Just then, he turned his eyes to Bronwyn,
who was watching him with the oddest expression in her eyes, which
he couldn’t place exactly. She cleared her throat and turned her
face towards the sizzling food, and, embarrassed, he asked if she
needed help making brunch.
He watched her hair fall down again from
where she had shoved the shorter front locks behind her ears and
his breath caught in his chest. The simple line of her from the
nape of her neck to the curve of her hips was pure, natural art,
and he could watch the sways and dips of her body forever. He knew
a crazy desire to know what she smelled like, aside from the cold
air, but when she was warm and close. To know all of her scents, as
he was learning all of the different ways she could smile. He
watched her tongue dart out against her coral lips, and longed to
feel it against his own.
He was very hungry now, but his appetite had
little to do with the French toast she was sliding onto bright blue
plates.
Over brunch, Daniel struggled to keep up the
light chit chat, though his mind kept wandering. Did her hair feel
as silky as it looked? Was that hint of vanilla in the air from her
or from the food? Did they design the spandex of her leggings to
make that whispery slithery sound every time she crossed and
uncrossed her legs just to drive him crazy?
“You know,” she sort of snorted in a very
unladylike way, “I should have guessed Warren would use the cabin –
he always was a cheap jerk.

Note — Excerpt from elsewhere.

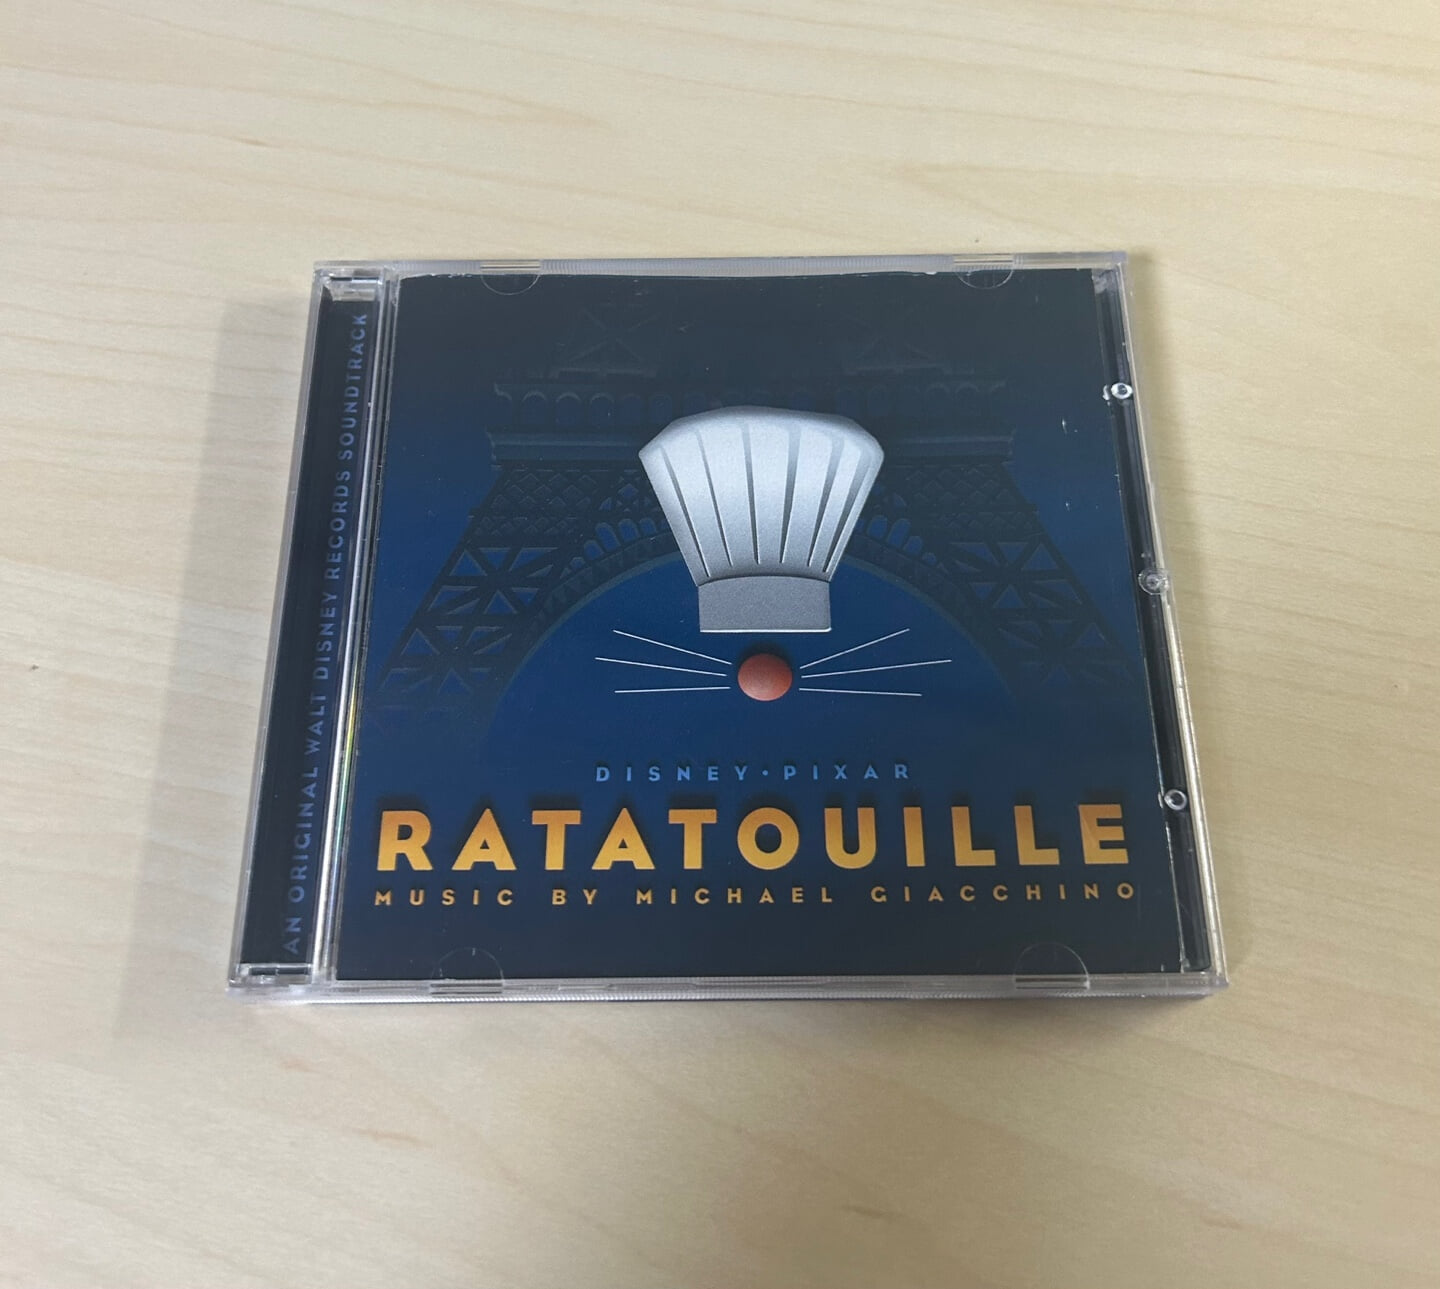 Ratatouille (라따뚜이) OST

I should have known he wouldn’t let the
deposit go that easily.” She speared a piece of bread with a tad
more viciousness than she really needed to, and bit into it with
white, violent teeth, sending a thrill up Daniel’s spine.
“I gotta be honest here,” he shook his head.

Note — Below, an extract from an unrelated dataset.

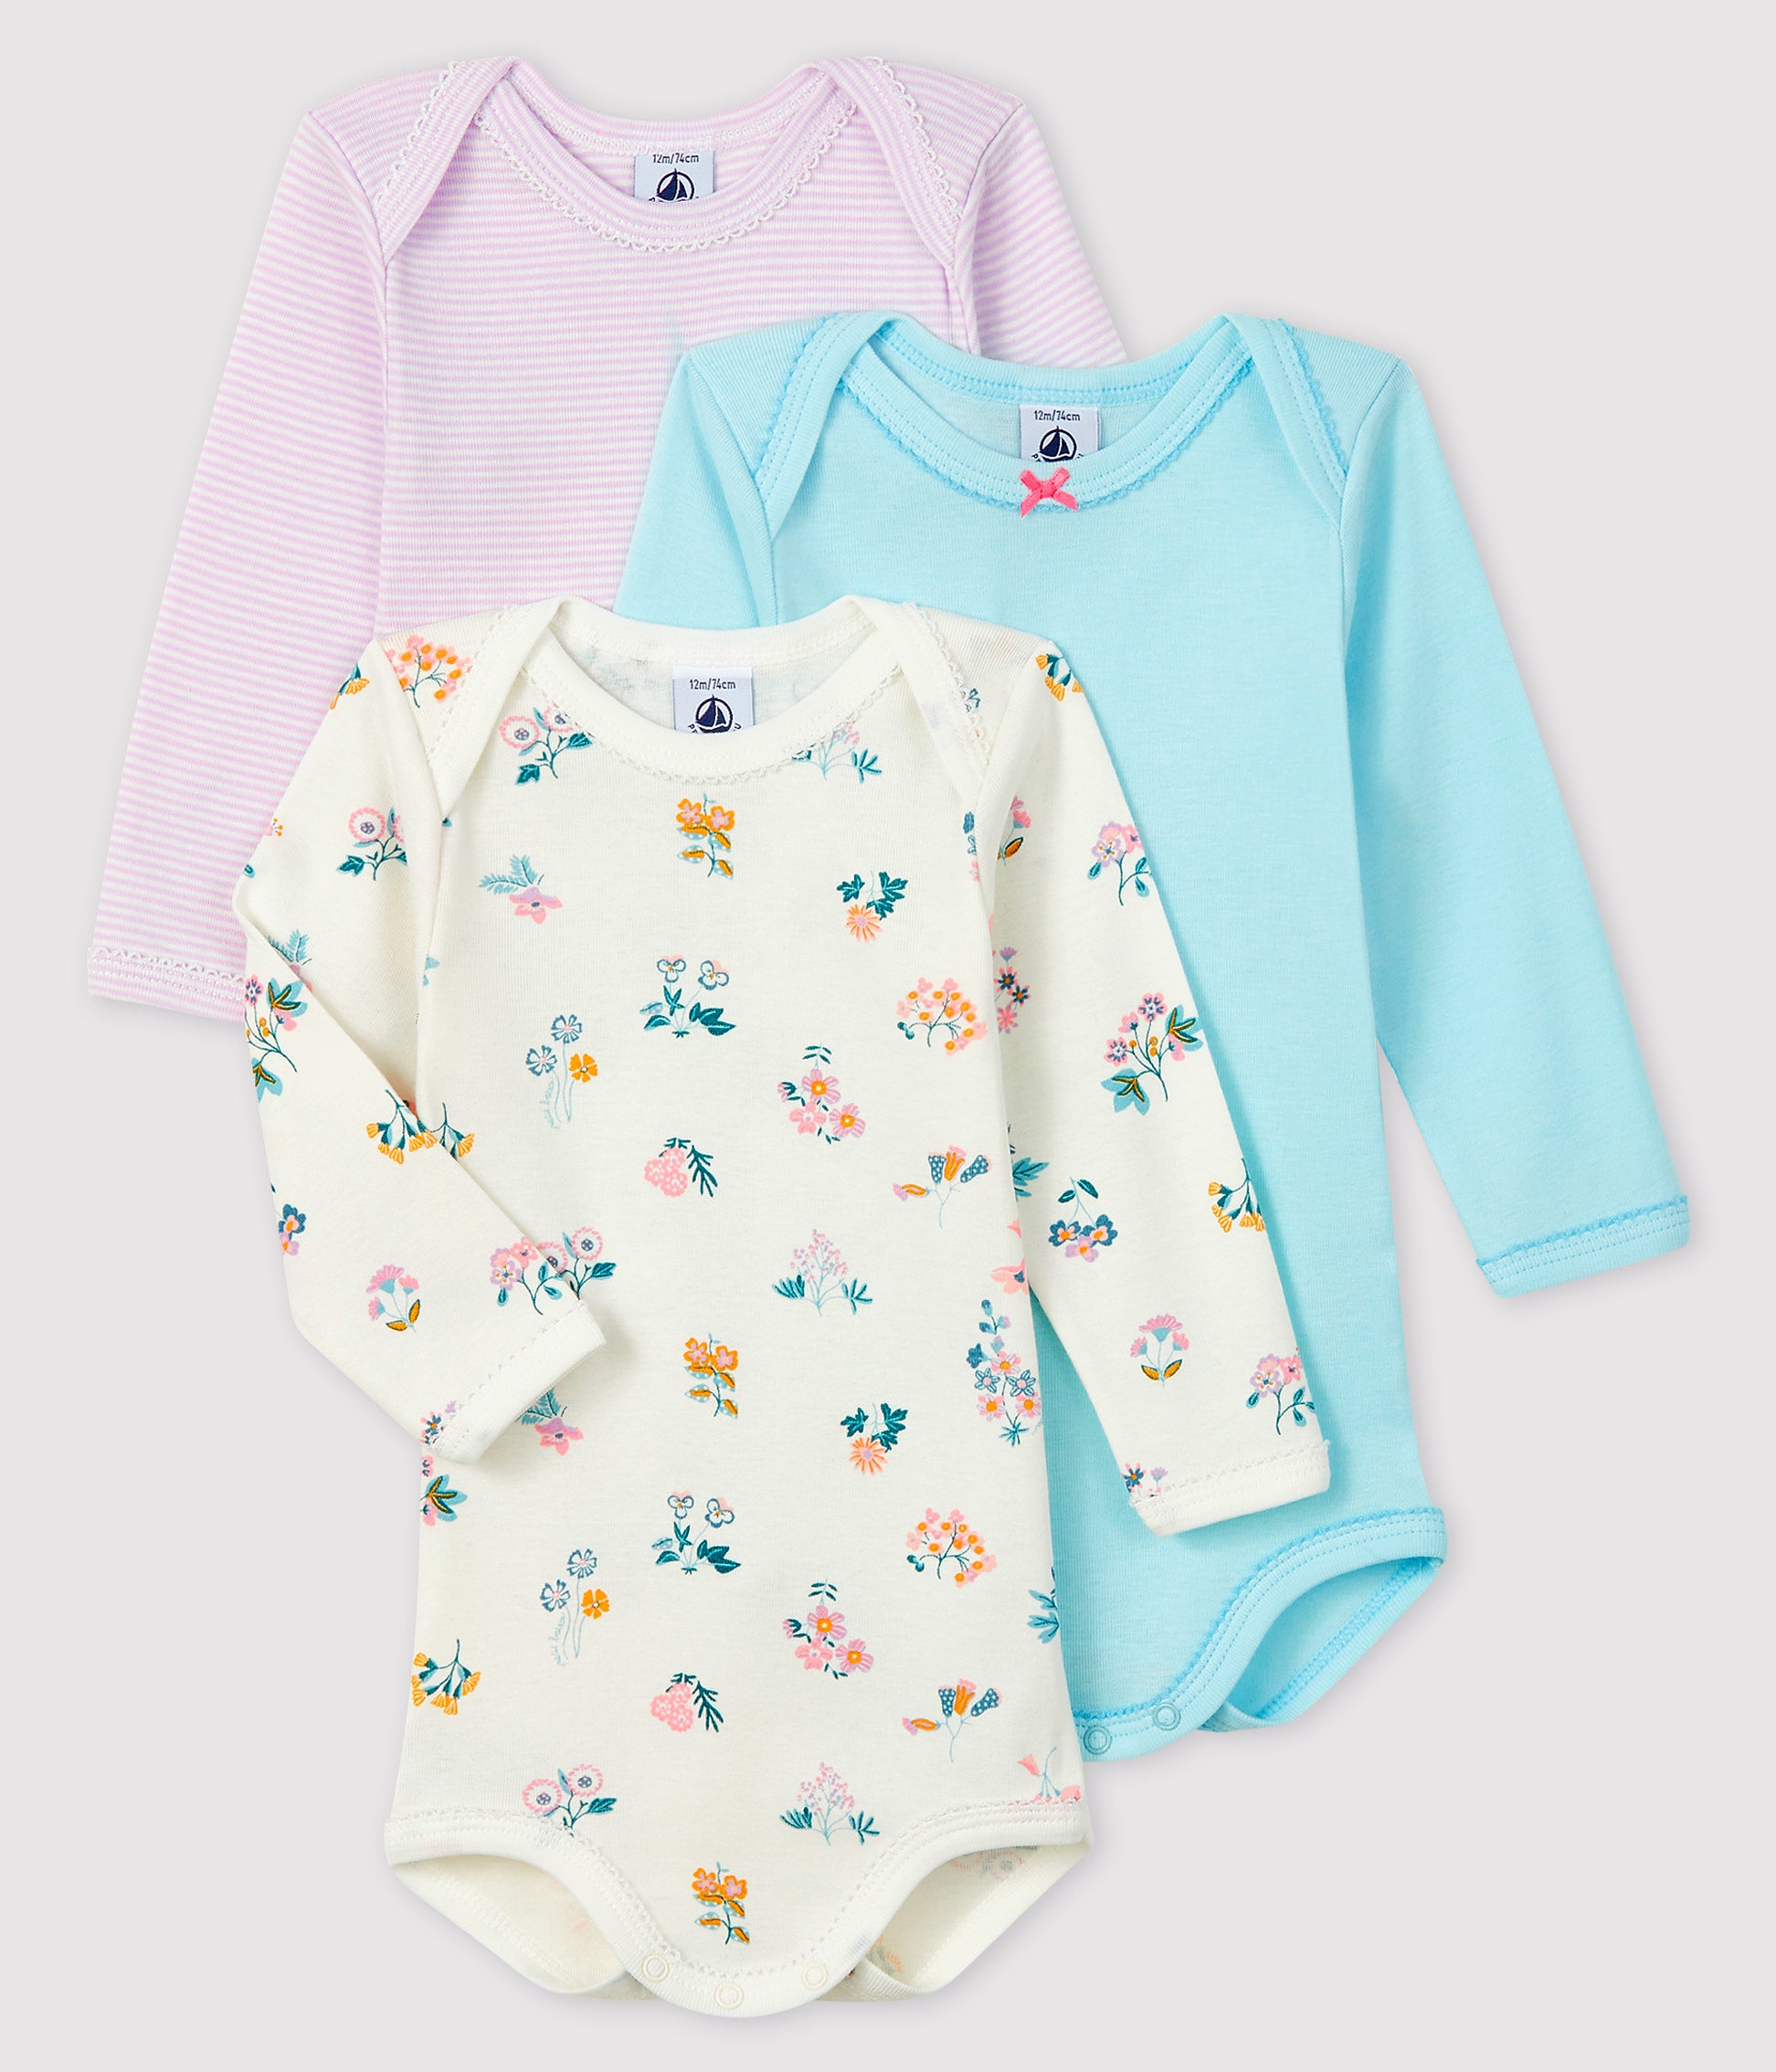 Baby Girls Multicolor Cotton babysuit Sets

“I mean, I know he was your boyfriend, and everything, but the guy
sounds like his collar size was bigger than his IQ. Clearly, he’s
an idiot, if he ran around on you, because, honestly, I’d die to be
with you.” Coughing a bit at the way the words had come out, he
backtracked awkwardly. “I mean... someone like you... And,
obviously, I’d prefer not to die, you know... I mean... You know
what I mean.” He finished lamely, and her bark of laughter in
response to his verbal gymnastics was infectious. “Yes, I am that
cool,” he nodded with a self-depreciating waggle of his dark brows,
and took a long swig from his juice.
She rested her temple against her propped up
hand and contemplated him a moment. “So, how old are you, anyway?”

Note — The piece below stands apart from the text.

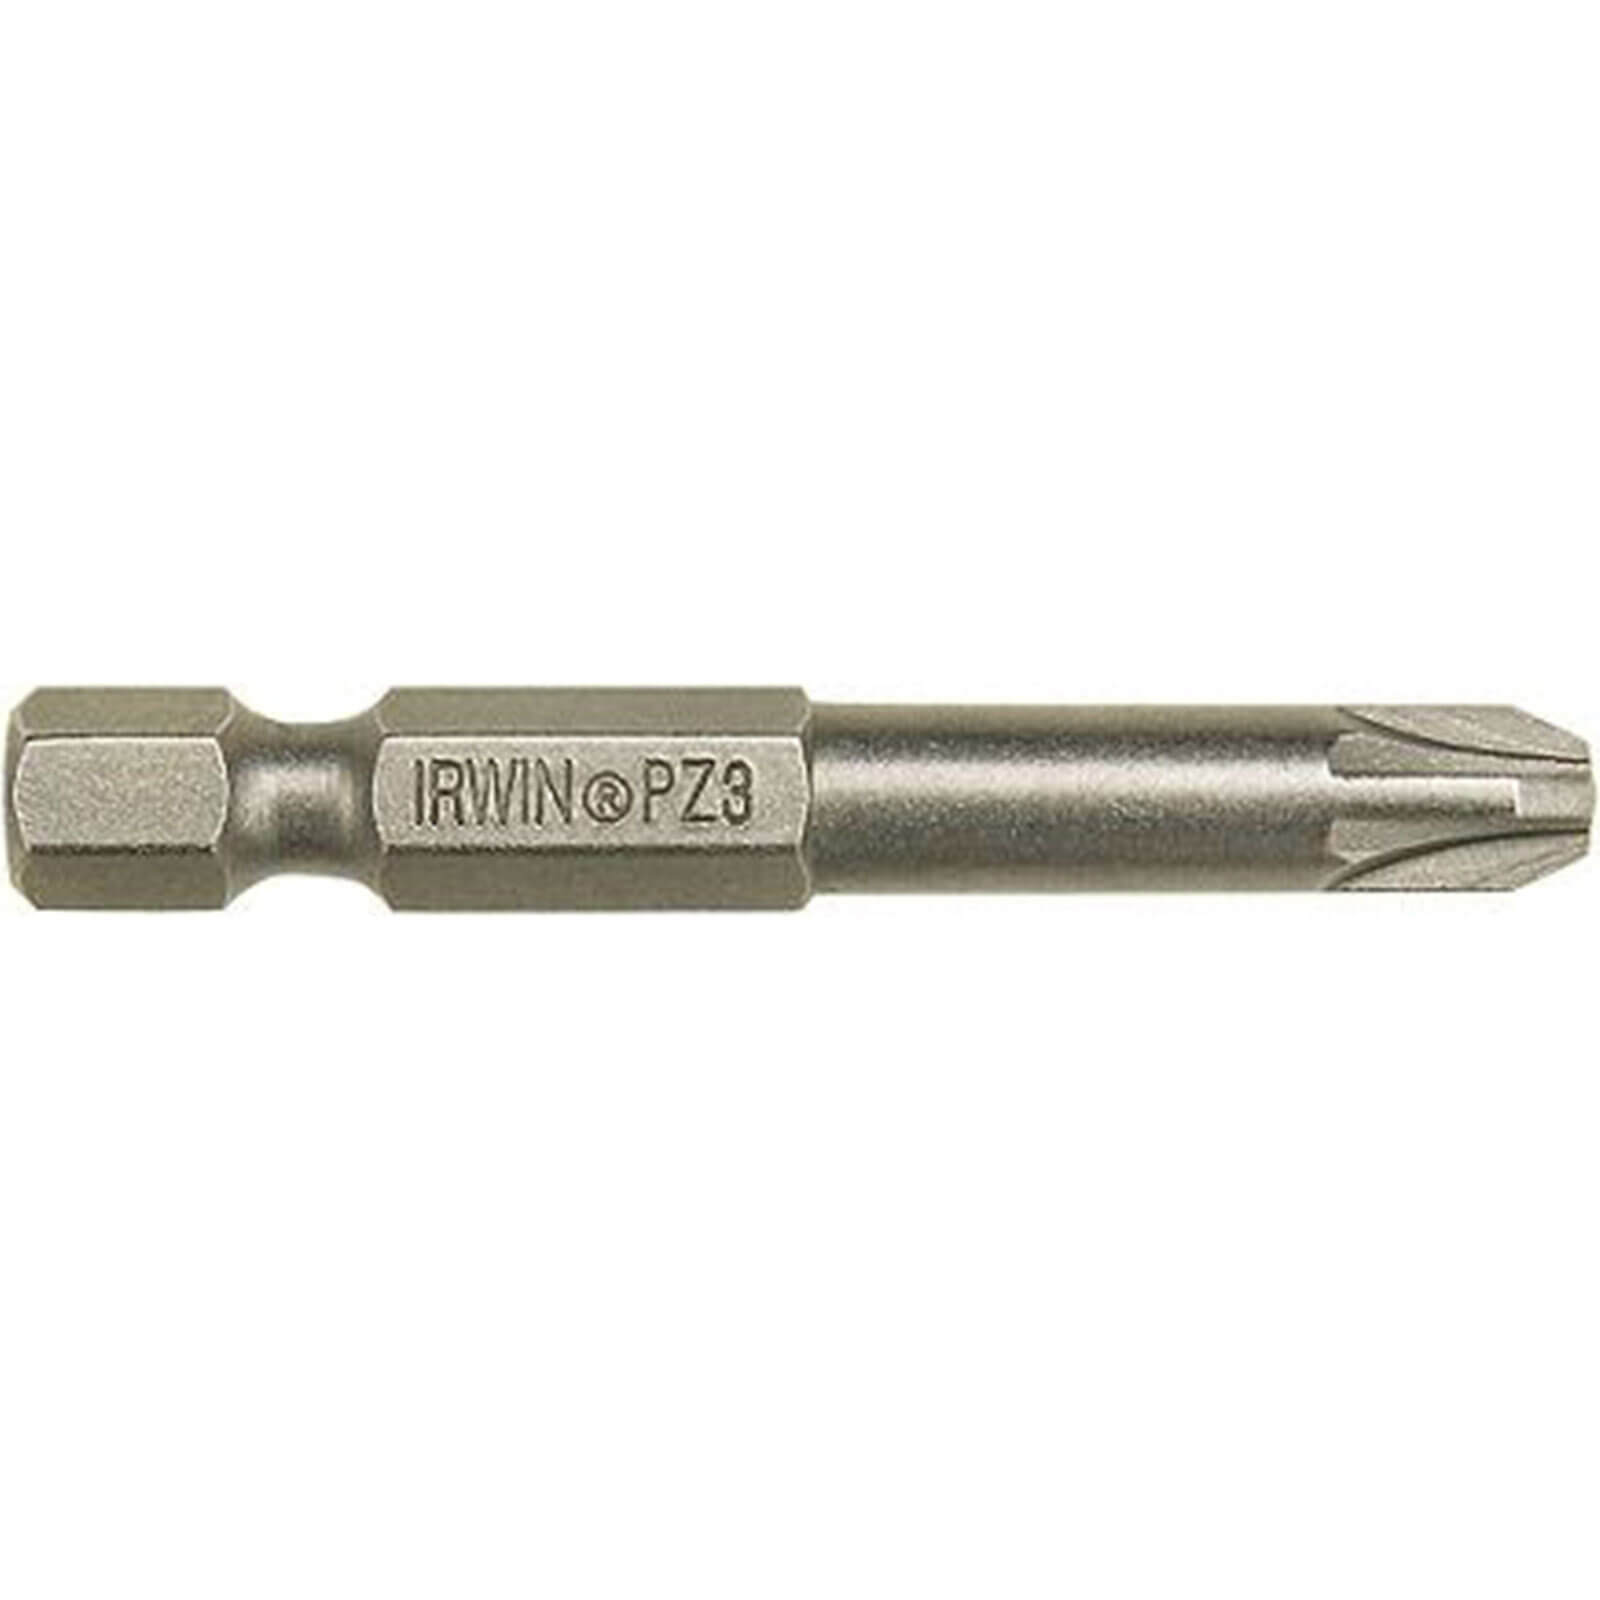 Photo of Irwin Pozi Power Screwdriver Bit Pz2 70mm Pack Of 1

she asked, a glint of humor dancing around the green and gold in
her eyes.
“Almost twenty,” he answered, looking away.
“Well, twenty in about ten months.”
“Oh man,” she groaned. “You just turned
nineteen?” He nodded and she closed her eyes and shook her head.
“Do you know how old I am?”
Daniel knew he could guess freely, but
decided against it. “I don’t know that your age makes any
difference to me,” he answered, honestly.
“27,” she supplied, anyway. “I’ll be 28 in
May.”
“Wow – so, we’re literally May and
December,” he smiled.
“Yeah, but the other way around.”
“You know, I don’t get the problem about
age,” he shrugged. “As long as both people are adults, what’s the
big deal?” He realized a moment of panic, wondering if he was
assuming too much, referring to them as if they were considering a
relationship. But the way she had been looking at him during brunch
made him think he wasn’t just falling prey to wishful thinking
here. “Besides, women live longer than men, anyway, so doesn’t it
make sense that the man be a little younger when the relationship
starts, and do it the reverse of how people usually do it?”